Listed records Start Marker

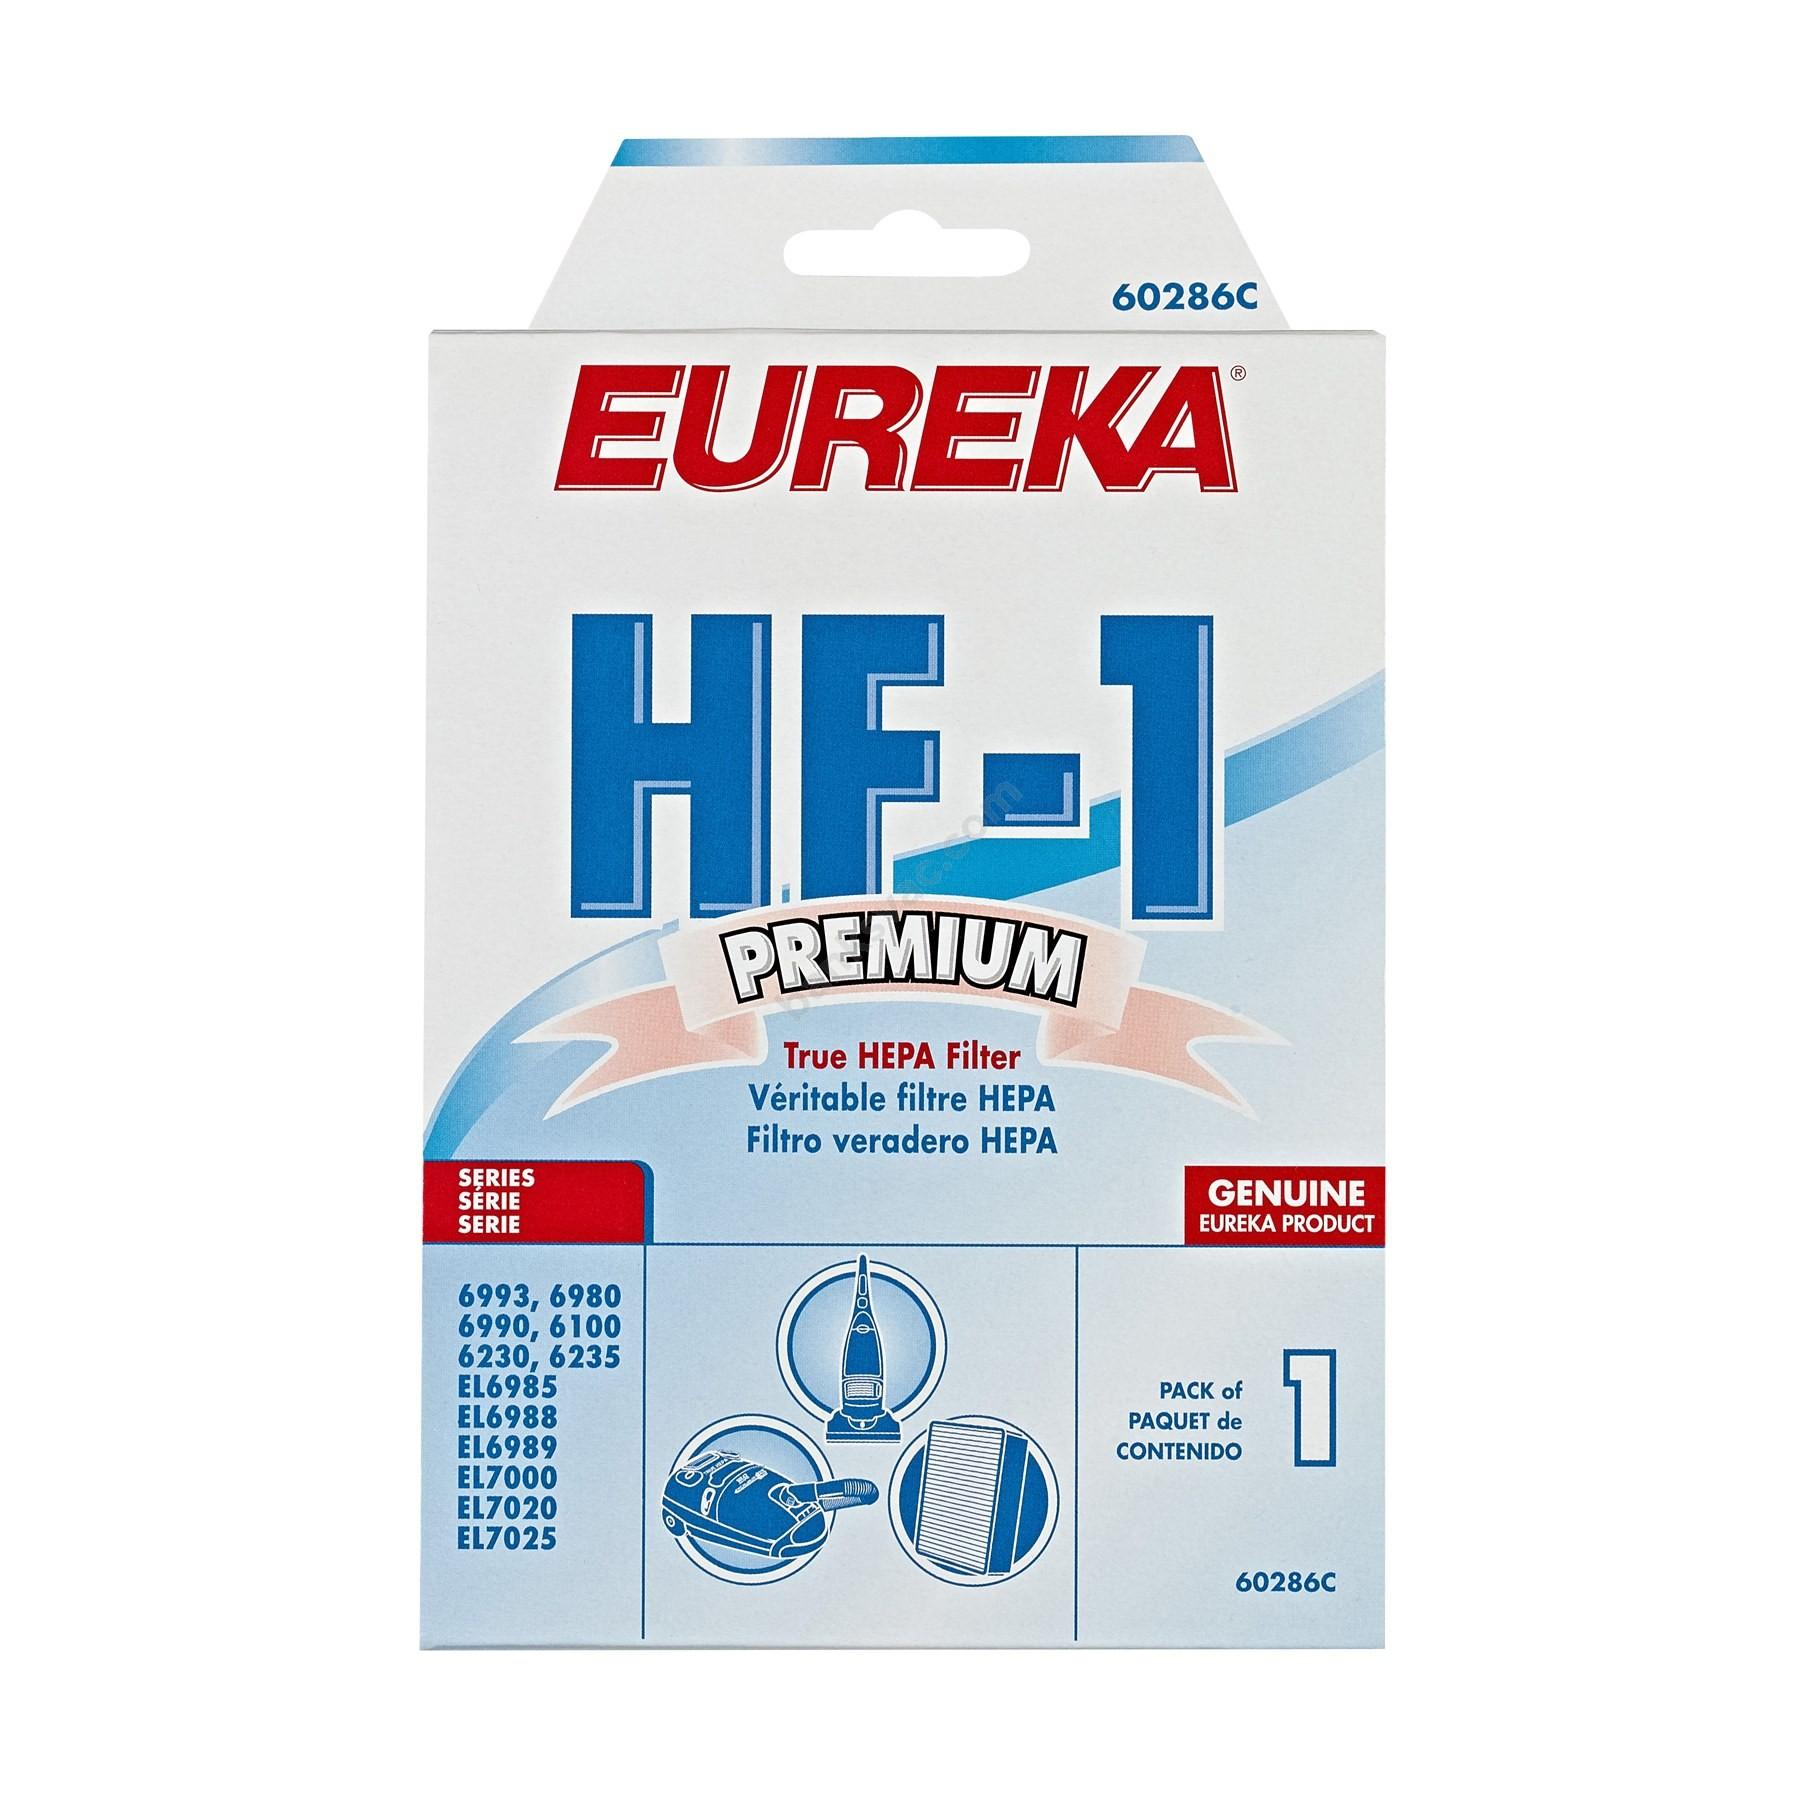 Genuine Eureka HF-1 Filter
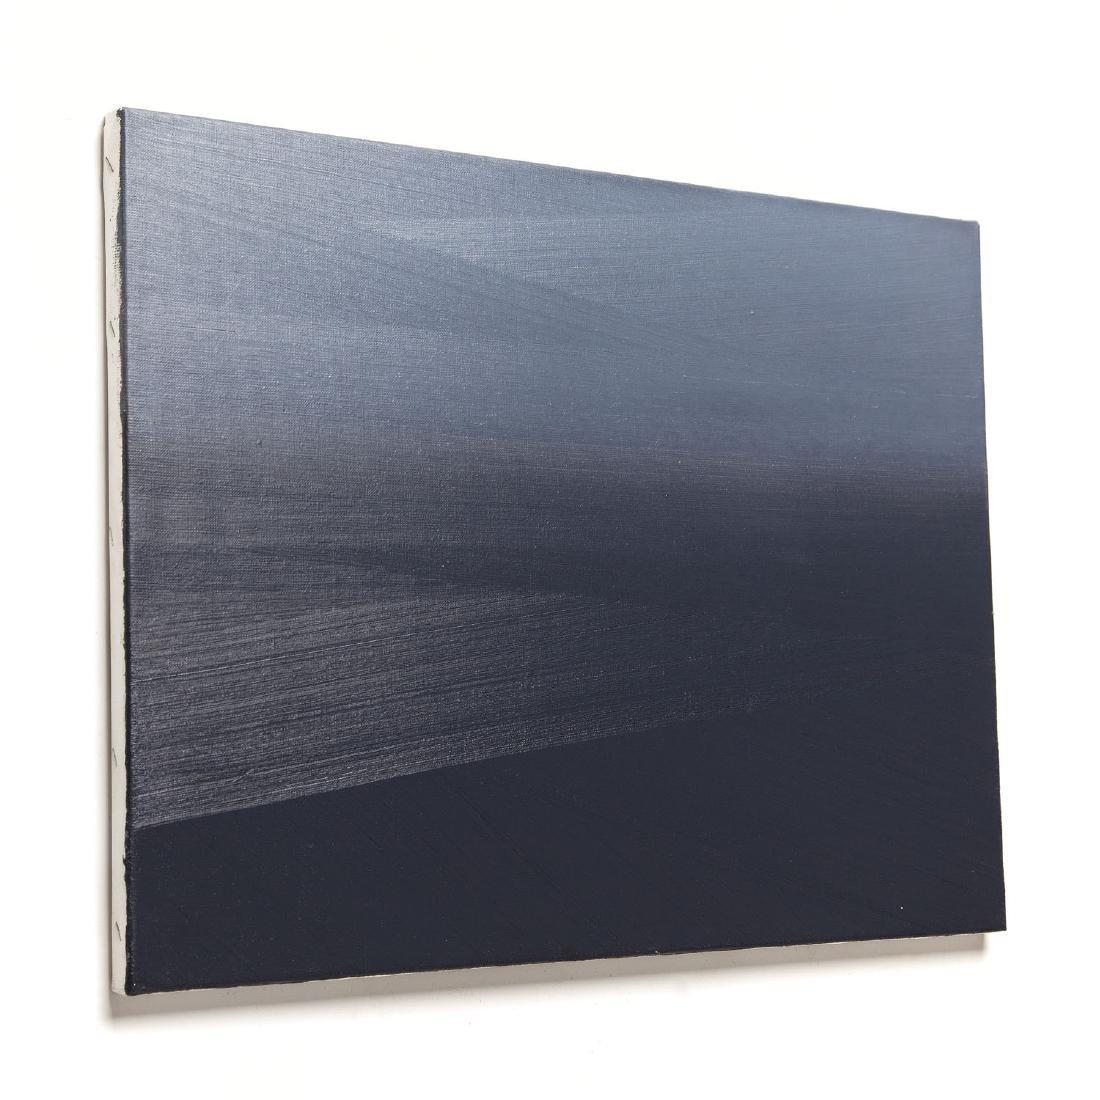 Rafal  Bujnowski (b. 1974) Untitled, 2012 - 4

Listed records End Marker
Listed records Start Marker

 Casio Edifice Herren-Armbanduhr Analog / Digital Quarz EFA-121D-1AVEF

Listed records End Marker
Listed records Start Marker

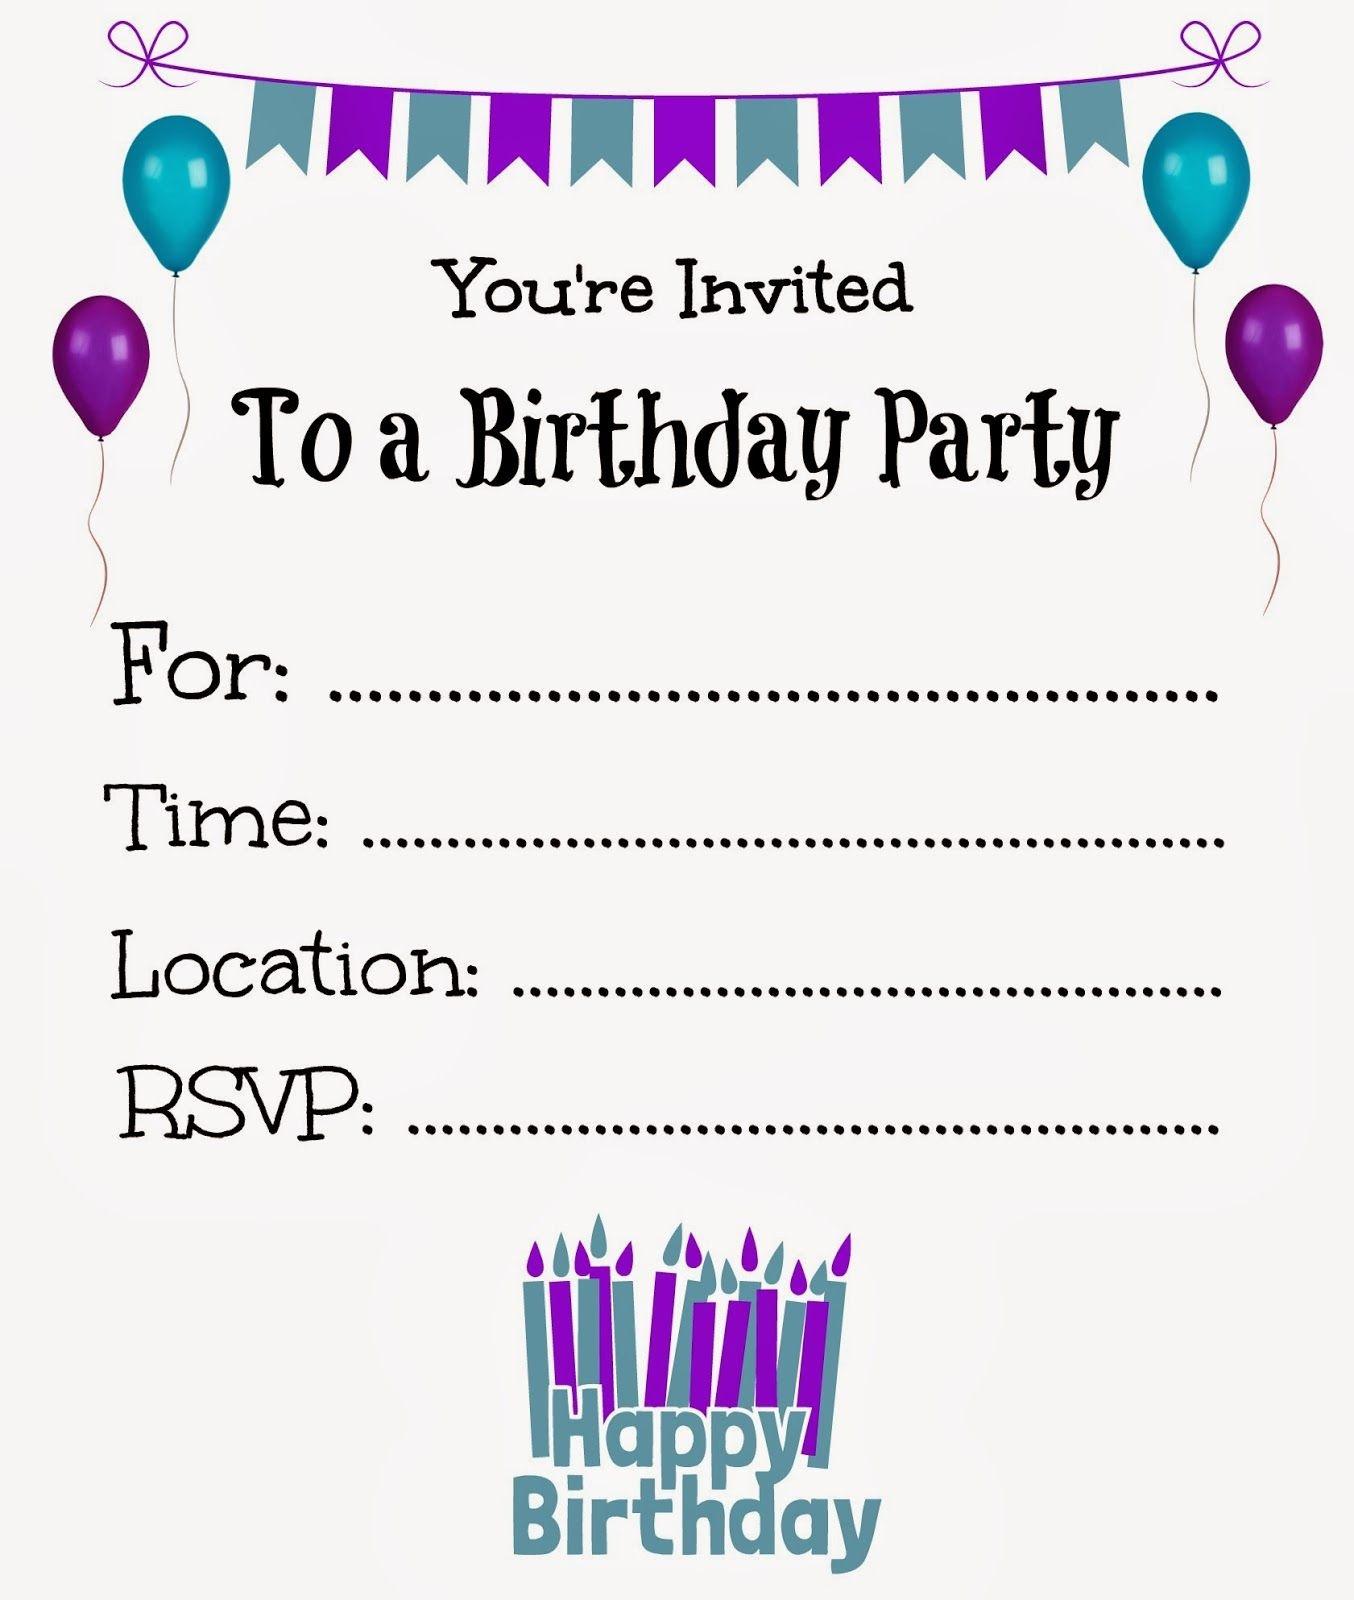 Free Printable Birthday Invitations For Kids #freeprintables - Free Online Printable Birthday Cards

Listed records End Marker

| What you need to do |
Print an exact copy of the lines above, from the one containing "Genuine Eureka HF-1 Filter" through the one containing "Untitled, 2012 - 4", and leave out the pictures.

| Written answer |
 Genuine Eureka HF-1 Filter
 Rafal  Bujnowski (b. 1974) Untitled, 2012 - 4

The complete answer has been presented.